Irwin Entertainment, Inc. is a television production company founded in 2004 by John Irwin. The Los Angeles, California based company specializes in reality, scripted, and live entertainment programming. Irwin Entertainment‘s credits include past VH1 reality series about addiction, Seasons 1-7 of Celebrity Rehab with Dr. Drew starring Drew Pinsky, Celebrity Rehab with Dr. Drew Reunion Special (2008) and 2 seasons of Sober House (2009). Irwin Entertainment also produces Couples Therapy, which 6th season aired during the Fall of 2015 on VH1.

John Irwin and Irwin Entertainment also produced NBC's Must See TV: A Tribute to James Burrows, which premiered to over 5.5 million  viewers on February 21, 2016. This iconic special reunited cast members from programs such as Friends, Cheers, Frasier, Will & Grace, Taxi, The Big Bang Theory, Mike & Molly, and Two and a Half Men.
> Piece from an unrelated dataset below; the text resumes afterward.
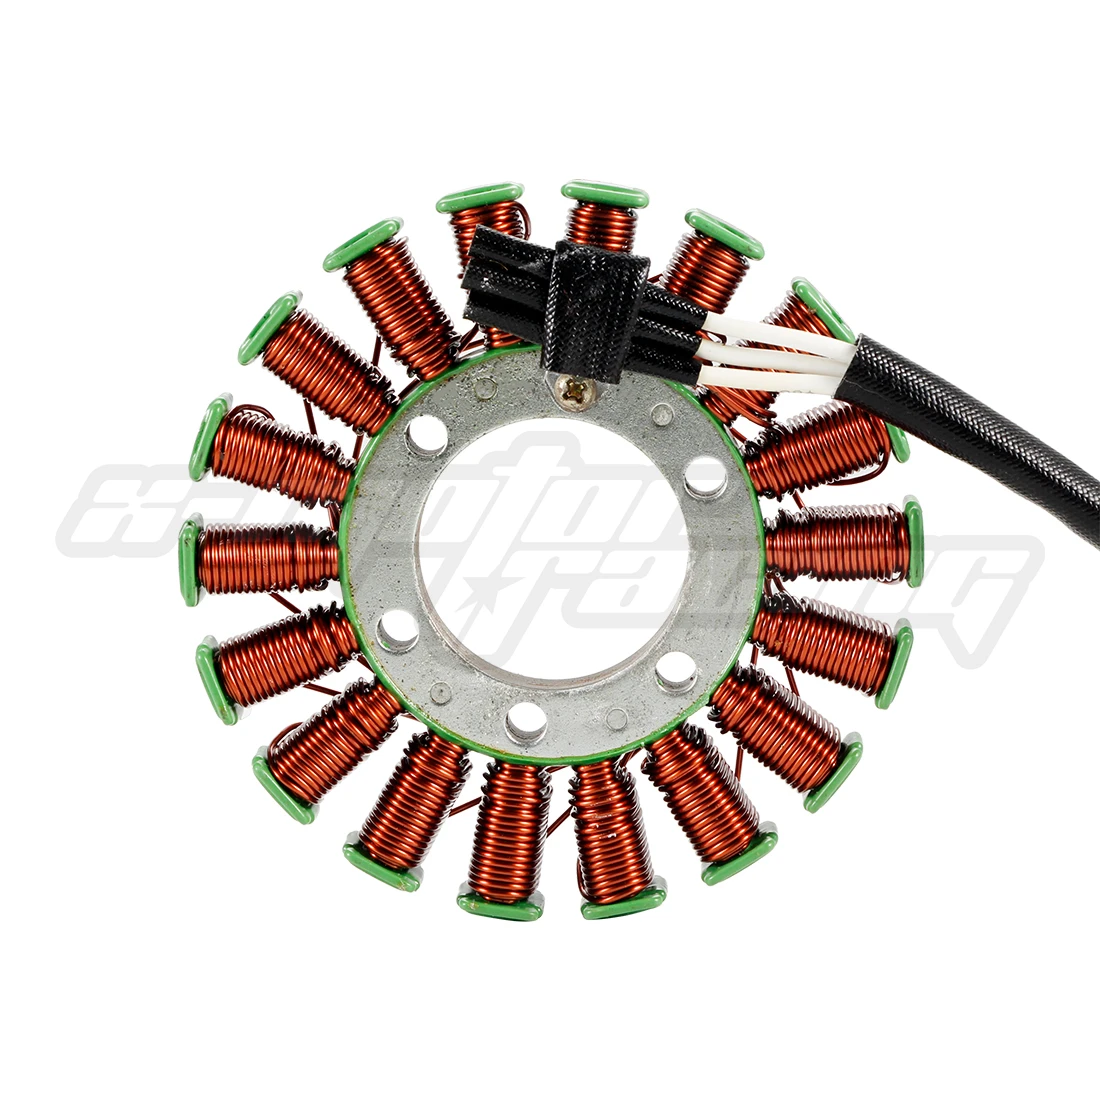 Motorcycle Generator Magneto Stator Coil For Yamaha YZF R6 2006-2016 2C0-81410-00-00 2C0-81410-01-00 enlarge

Irwin Entertainment produced the VH1 docu-series, Make or Break: The Linda Perry Project, with accomplished singer, songwriter, and producer Linda Perry as she opened the doors to her Hollywood studio for the first time ever to re-launch her record label and mentor a group of young artists. Make or Break: The Linda Perry Project successfully aired during the summer of 2014 on VH1. The series earned a 2014 GLAAD Award Nomination for Outstanding Reality Program.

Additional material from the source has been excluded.